Plus there’s going to be a rooftop bar and restaurant with killer views of the city.
The designs below are preliminary, but are the result of a competitive bid process that Valor won. The Atlanta-based company is best known for its Cape Grace Hotel in South Africa that was named Condé Nast Traveler’s “Best Hotel in the World.” Closer to home, the company converted the Crowne Plaza Charlotte by the airport from a Marriott with a $10 million renovation.
At the Carolina Theatre site, the plan is to create something unique to Charlotte that incorporates the history of the property.
“We don’t want a cookie cutter hotel that you could pull off the shelf,” said Laura Smith, executive vice president of Foundation For The Carolinas.
Valor hopes to begin construction in mid-2016, about the same time as the theatre renovation.

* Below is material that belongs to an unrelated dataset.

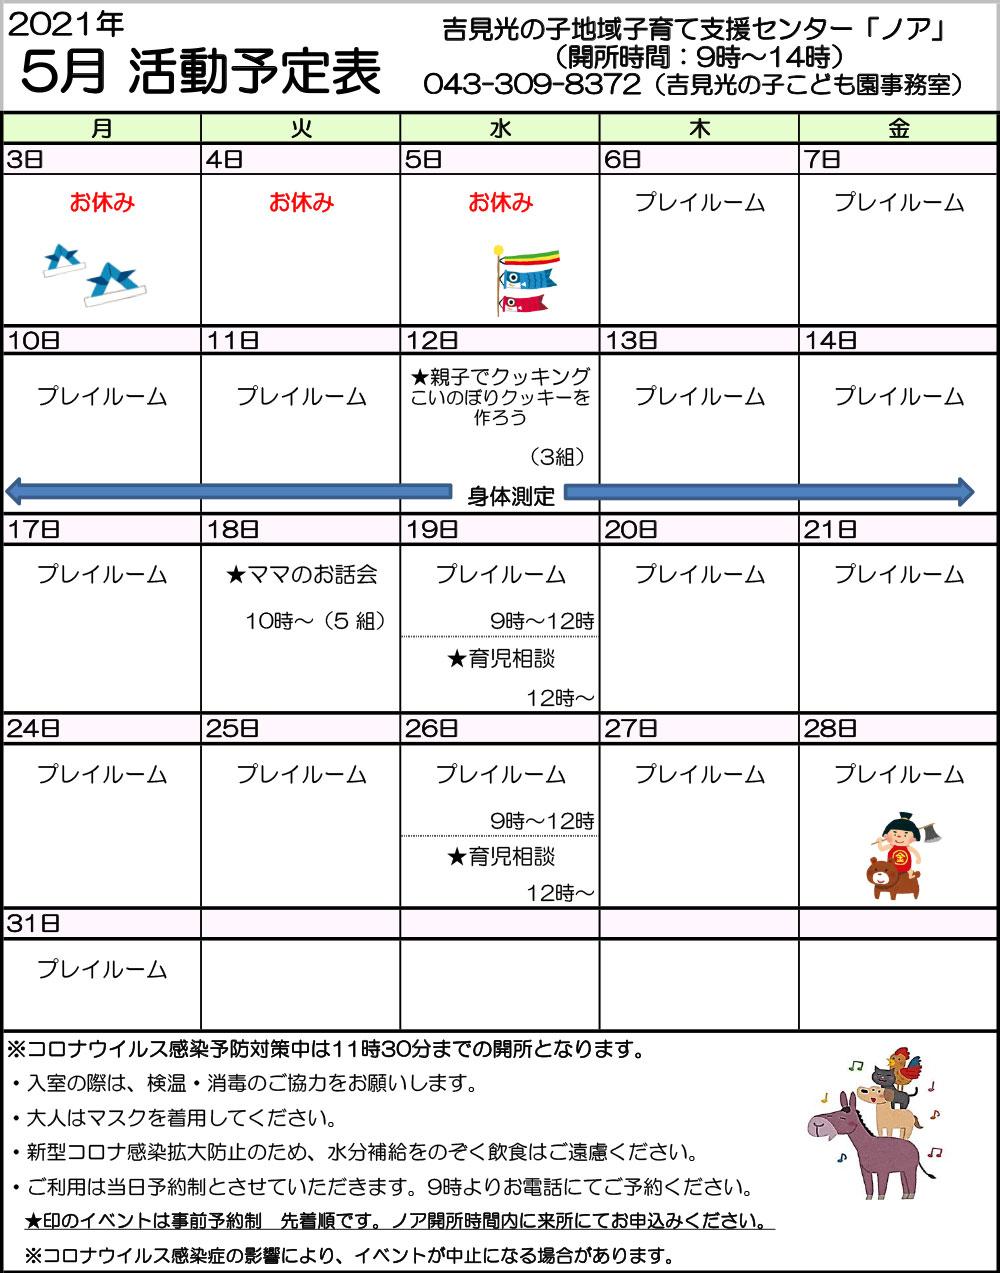 2021.5月ノア活動予定表

Everything is expected to be done by sometime in 2018. Once completed, the hotel will have a national brand, but Valor will continue to manage the property.
Downstairs, the plans for the lobby and theatre itself remain largely unchanged. [See Agenda story — Insight: This is why the Carolina Theatre renovation works]
The foundation still plans to recreate the two signature marquees — a vertical one for the outside of the building and the larger horizontal marquee on the original facade inside the lobby.
The whole block will get a new brand, too: Belk Place. The Belk family made the largest gift toward renovating the theatre.
Together, it will set the stage for continued development along North Tryon Street. Right next door, plans are already in the works to redevelop Spirit Square and the Main Library, and the broader vision is to turn the area into a modern urban environment.
“We hope that this is the ball that starts rolling down North Tryon,” Smith said.